In their classic paper, Ramsey Stich and Garon (1991) have claimed that because beliefs are represented distributively in a connectionist system, we should therefore conclude that strictly speaking, from a scientific standpoint, beliefs are not represented in our brains at all. However, the above explication of distributed representation shows why this inference is invalid. The ten cards in the example above really do represent all twenty six letters of the alphabet, even though no one card represents any single letter. They are able to do this because there is a point in the state space of possible card positions that represents each letter. And similarly, the basins of attraction in a dynamic system are capable in principle of doing every bit as much real cognitive work as an undistributed “physical” module. They are every bit as physically real as gravity, capacitance, voltage or any other theoretical scientific entity that we cannot see, feel, hear, or trip over. The state space modules described by DST are grist for the scientific mill, capable of being studied and measured. And more importantly, because they are more like events than objects, they have a speed and flexibility which is lacking in the material entities that Fodor called modules, and anatomists call organs.

State Spaces Vs. Organs

The concept of "organ" is, as Fodor points out, the biological equivalent of a module, and it will probably continue to be useful. But it is based on a possibly misleading assumption: that morphology is always an accurate guide to function, because the body, like a Hi-Fi set, is supposedly divided up into distinct modules with materially delineable borders. Those who accept this assumption acknowledge that it may require microscopes, or sophisticated staining techniques, to find those borders. But the assumption remains that once one has marked out those borders, one has carved the brain or body at it's fundamental joints, and that the purpose of neuroscience is then to answer questions like "what is the hippocampus for?". But attractor basins and orbits are far more volatile entities than modules, and their boundaries and functions are far more flexible. Strictly speaking, they are much more like events than objects. They endure longer than most events, but in this respect they resemble events like tornadoes or waterfalls, which seem object-like because the flow of their constituting processes cohere in a stable pattern.

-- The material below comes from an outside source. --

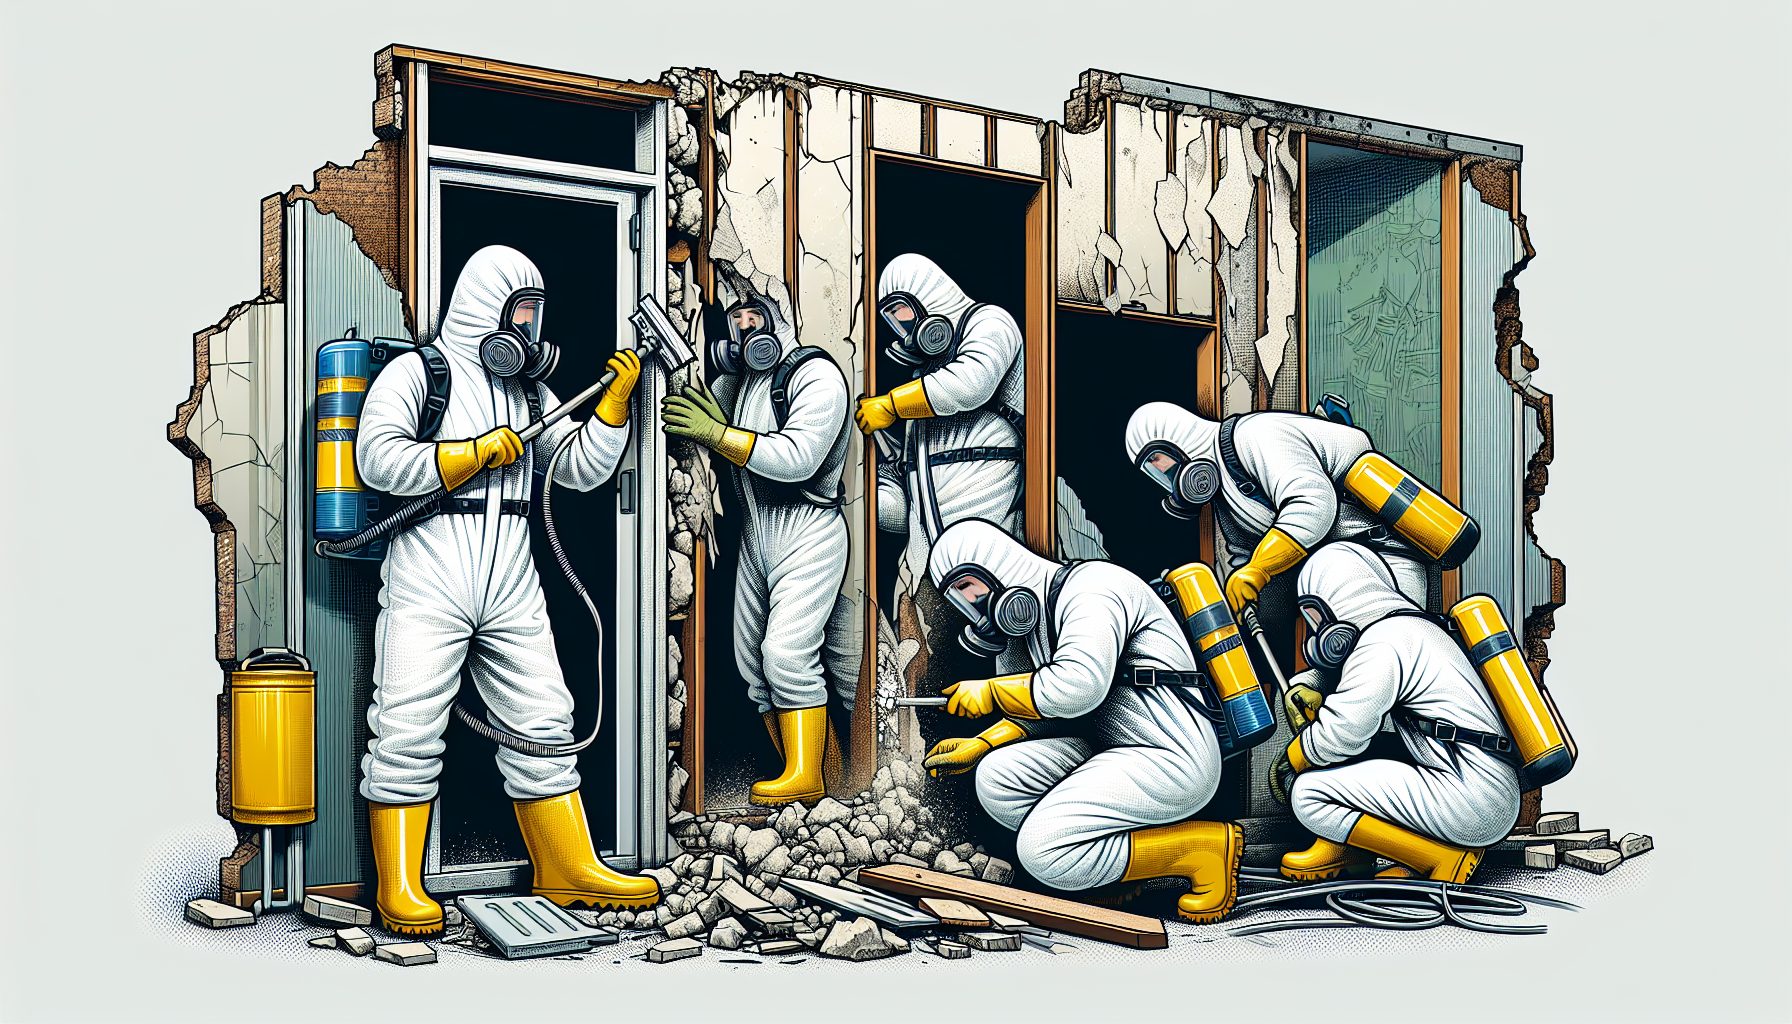 Illustration of hazardous materials management

We must not discount the possibility that morphology is not the essential factor in determining function. The gray matter of the brain could be seen as primarily a medium through which dynamic ripples eddy and coalesce into state spaces. The fact that people can often relearn skills lost after brain damage, even though the "organs" supposedly responsible for those skills have been damaged or surgically removed, could offer support for that possibility.

Although damage to the central nervous system often results in permanent disruption. . .In some cases there is a return to normal or near-normal levels of performance even after extensive loss of nervous tissue. . .some see the fact of sparing and recovery as a direct challenge to the principle of localization (Laurence and Stein 1978 pp. 369 & 394)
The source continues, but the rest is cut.